▶ **Description of the task**
Go over the data and keep only the lines that include "Stock".

[Items from a data source]
++++++++++++++++++++

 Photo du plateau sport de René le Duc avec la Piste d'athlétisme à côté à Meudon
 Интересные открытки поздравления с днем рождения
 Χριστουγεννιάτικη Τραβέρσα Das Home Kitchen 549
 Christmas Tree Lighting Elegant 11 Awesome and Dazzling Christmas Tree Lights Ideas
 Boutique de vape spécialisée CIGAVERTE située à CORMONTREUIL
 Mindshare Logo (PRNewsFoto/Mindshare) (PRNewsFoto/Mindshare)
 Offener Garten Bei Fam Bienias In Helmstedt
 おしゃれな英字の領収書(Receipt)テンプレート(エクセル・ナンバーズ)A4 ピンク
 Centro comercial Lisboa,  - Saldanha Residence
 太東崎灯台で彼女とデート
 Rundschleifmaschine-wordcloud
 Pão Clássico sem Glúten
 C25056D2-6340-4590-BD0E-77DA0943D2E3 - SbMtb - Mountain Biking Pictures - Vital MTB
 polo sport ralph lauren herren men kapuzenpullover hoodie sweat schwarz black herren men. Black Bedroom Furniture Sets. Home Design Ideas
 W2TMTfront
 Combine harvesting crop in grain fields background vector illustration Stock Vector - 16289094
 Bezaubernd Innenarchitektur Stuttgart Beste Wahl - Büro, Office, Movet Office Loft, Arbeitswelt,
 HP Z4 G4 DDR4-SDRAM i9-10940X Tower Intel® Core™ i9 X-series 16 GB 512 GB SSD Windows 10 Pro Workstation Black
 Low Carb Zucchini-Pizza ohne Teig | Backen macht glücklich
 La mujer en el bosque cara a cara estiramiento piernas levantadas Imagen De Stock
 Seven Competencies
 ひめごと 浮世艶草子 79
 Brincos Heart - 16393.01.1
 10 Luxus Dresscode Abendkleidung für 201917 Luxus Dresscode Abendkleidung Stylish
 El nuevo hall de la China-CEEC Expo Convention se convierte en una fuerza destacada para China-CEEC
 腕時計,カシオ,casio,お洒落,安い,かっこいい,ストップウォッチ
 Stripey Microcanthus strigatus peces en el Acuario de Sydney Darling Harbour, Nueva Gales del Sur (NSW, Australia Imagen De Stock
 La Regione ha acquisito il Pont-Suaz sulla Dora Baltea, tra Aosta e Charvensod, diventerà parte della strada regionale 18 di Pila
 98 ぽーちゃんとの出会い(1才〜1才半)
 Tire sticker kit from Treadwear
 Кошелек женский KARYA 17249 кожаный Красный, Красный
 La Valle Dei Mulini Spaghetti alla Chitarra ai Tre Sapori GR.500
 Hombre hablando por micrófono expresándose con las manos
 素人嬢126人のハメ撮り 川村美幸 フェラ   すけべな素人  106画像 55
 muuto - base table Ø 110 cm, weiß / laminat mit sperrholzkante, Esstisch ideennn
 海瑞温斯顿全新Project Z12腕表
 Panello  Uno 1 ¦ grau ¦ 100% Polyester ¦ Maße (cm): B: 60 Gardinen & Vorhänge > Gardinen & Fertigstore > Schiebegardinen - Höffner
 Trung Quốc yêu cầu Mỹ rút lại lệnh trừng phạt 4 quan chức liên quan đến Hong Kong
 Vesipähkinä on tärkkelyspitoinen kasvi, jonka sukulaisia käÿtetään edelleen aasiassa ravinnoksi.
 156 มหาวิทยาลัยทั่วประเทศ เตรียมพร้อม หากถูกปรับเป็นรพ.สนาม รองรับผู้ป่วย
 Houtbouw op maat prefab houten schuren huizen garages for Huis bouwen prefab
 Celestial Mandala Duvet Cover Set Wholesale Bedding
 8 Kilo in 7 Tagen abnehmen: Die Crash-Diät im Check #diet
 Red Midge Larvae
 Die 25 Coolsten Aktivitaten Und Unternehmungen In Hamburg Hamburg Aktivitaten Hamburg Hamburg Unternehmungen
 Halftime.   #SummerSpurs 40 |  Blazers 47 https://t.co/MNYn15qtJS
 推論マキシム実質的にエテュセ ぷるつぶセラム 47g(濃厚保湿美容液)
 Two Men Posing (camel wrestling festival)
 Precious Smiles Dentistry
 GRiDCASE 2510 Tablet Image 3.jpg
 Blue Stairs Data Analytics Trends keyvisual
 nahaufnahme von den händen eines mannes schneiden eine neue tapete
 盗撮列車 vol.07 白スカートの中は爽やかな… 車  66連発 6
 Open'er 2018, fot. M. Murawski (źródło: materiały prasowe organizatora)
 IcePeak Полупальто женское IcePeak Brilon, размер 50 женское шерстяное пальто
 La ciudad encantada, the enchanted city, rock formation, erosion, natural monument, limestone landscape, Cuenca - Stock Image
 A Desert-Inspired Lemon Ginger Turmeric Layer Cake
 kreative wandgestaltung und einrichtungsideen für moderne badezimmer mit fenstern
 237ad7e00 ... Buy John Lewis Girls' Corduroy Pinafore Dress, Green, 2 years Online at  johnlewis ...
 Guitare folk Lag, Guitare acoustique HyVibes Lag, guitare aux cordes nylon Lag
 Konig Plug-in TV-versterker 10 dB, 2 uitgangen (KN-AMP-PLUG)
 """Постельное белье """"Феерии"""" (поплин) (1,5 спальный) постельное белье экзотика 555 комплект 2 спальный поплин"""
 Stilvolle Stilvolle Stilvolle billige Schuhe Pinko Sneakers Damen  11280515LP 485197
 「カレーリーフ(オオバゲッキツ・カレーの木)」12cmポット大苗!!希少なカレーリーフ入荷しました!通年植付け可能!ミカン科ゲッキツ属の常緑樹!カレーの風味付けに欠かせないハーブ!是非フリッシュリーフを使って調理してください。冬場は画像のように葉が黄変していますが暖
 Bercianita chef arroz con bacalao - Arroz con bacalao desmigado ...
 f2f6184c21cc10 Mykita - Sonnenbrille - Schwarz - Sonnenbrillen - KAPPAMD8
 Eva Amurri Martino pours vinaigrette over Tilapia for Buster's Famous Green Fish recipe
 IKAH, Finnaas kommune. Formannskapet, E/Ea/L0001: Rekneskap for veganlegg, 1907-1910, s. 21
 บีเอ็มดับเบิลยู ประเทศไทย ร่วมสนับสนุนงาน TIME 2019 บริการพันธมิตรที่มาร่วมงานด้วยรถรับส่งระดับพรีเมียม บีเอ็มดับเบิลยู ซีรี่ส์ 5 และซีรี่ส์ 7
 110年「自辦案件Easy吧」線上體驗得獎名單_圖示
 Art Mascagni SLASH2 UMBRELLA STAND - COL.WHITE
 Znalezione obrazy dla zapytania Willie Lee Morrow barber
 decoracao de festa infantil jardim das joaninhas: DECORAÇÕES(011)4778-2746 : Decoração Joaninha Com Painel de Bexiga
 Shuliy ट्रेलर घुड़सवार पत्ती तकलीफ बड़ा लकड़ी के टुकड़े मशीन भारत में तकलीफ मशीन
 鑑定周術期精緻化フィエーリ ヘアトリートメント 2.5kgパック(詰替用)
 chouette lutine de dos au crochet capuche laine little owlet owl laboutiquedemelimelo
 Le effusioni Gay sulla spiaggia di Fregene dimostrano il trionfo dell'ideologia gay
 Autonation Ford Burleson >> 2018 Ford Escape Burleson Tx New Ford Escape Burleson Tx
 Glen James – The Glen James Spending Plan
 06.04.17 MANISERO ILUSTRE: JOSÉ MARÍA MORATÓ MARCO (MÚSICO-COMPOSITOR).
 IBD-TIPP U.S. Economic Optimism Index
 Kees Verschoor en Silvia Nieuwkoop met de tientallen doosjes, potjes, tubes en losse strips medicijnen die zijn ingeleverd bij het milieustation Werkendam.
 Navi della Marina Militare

++++++++++++++++++++

▶ **Written response**
 Combine harvesting crop in grain fields background vector illustration Stock Vector - 16289094
 La mujer en el bosque cara a cara estiramiento piernas levantadas Imagen De Stock
 Stripey Microcanthus strigatus peces en el Acuario de Sydney Darling Harbour, Nueva Gales del Sur (NSW, Australia Imagen De Stock
 La ciudad encantada, the enchanted city, rock formation, erosion, natural monument, limestone landscape, Cuenca - Stock Image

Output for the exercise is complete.